Стихотворение «Когда смертельный треск сосны скрипучей…» – этапное для Пастернака, но никогда при жизни не перепечатывавшееся, – написано в том же двадцать седьмом. Оно появилось в январском номере «Нового мира» за 1928 год. Сын поэта интерпретирует его как предупреждение о терроре, – стихи темные, по-пастернаковски скрытные, но при внимательном чтении шифровка прозрачна:
Это стихотворение он послал и Цветаевой. Постоянный читатель легко обнаружит все подсказки – лесник только кажется «красным», на самом деле это нездоровая краснота «мясистых щек», и «государства истукан» является в образе «служилой и страшной телесности». Важно тут, впрочем, то, что лесник ловит именно браконьера, тайного порубщика, то есть осуществляет вроде как благое дело, – но «не радоваться нам, кричать бы на крик», потому что сам этот лесник – явление мертвое и грозное, и не поздоровится не только порубщикам, а и обычным дачникам. «Шаги комплекции солидной» были уже слышны вовсю.

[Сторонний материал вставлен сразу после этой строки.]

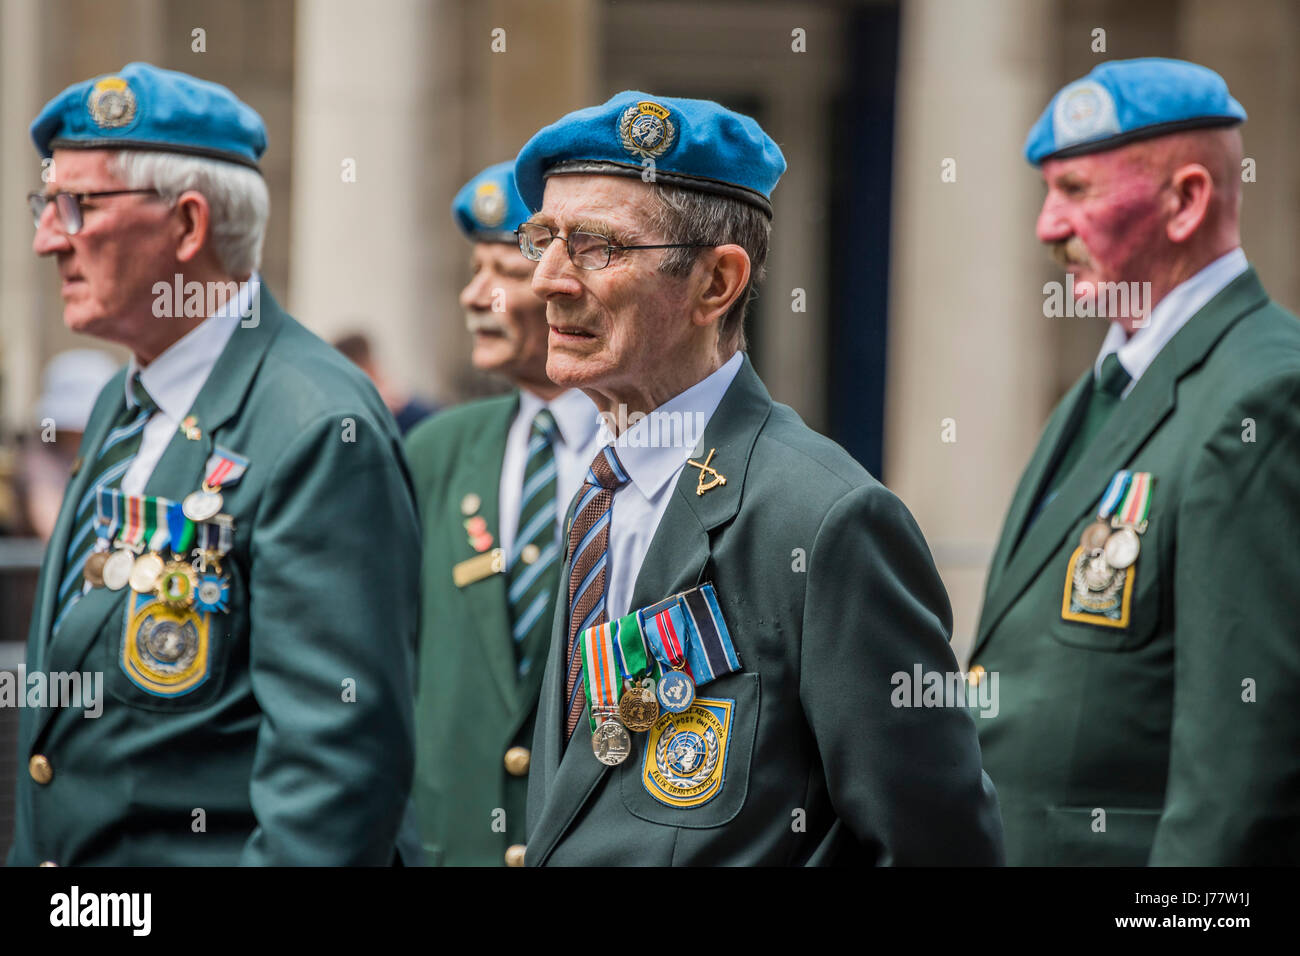 London, UK. 24th May, 2017. Blue berets worn with pride by old soldiers - A  remembrance march in honour of the International Day of United Nations  Peacekeepers. London 24 May 2017. Credit:

И еще одно удивительное событие случилось с ним в двадцать седьмом – он впервые летал.
«Ты, наверное, как все мы, не любишь технических новшеств, – пишет он Цветаевой на следующий день после рискованного эксперимента. – Летала ли ты когда-нибудь? Представь, это знакомее и прирожденнее поезда и больше похоже на музыку и влеченье, чем верховая езда. Сегодня я впервые подымался с Женей, одним знакомым и простой солдаткой – женой коменданта аэродрома. (…) Это – тысячеметровая высота неразделенного одиночества. Красота этих сумерек в любой час дня если на какую красоту походит, то только на красоту земли в истинной поэзии, на красоту связного, рассыпного, мельчайшего в своих вероятьях, невероятного в своей огромной печали пространства… Все это тысячу раз видено и предчувствовано в жизни, все это до удивительности пережито и прирождено».
Цветаева отвечала радостно, с доброй завистью: она увидела в его описании полета подтверждение своей давней статьи о нем. Воистину, мир Пастернака – мир без людей, которых с такой высоты не видно: мир бесконечной печали бесконечного пространства. Собственная ее встреча с авиацией была гораздо трагичней: за три месяца до пастернаковского полета у нее на глазах разбился летчик, и толпа гуляющих в Трианоне кинулась разбирать обломки самолета – «жесть, фанерку, куски шелка». Цветаевой это показалось кощунством, проявлением старого суеверия насчет «веревки повешенного» – а все-таки и сама она взяла «зазубренную щепу: на память – для Али».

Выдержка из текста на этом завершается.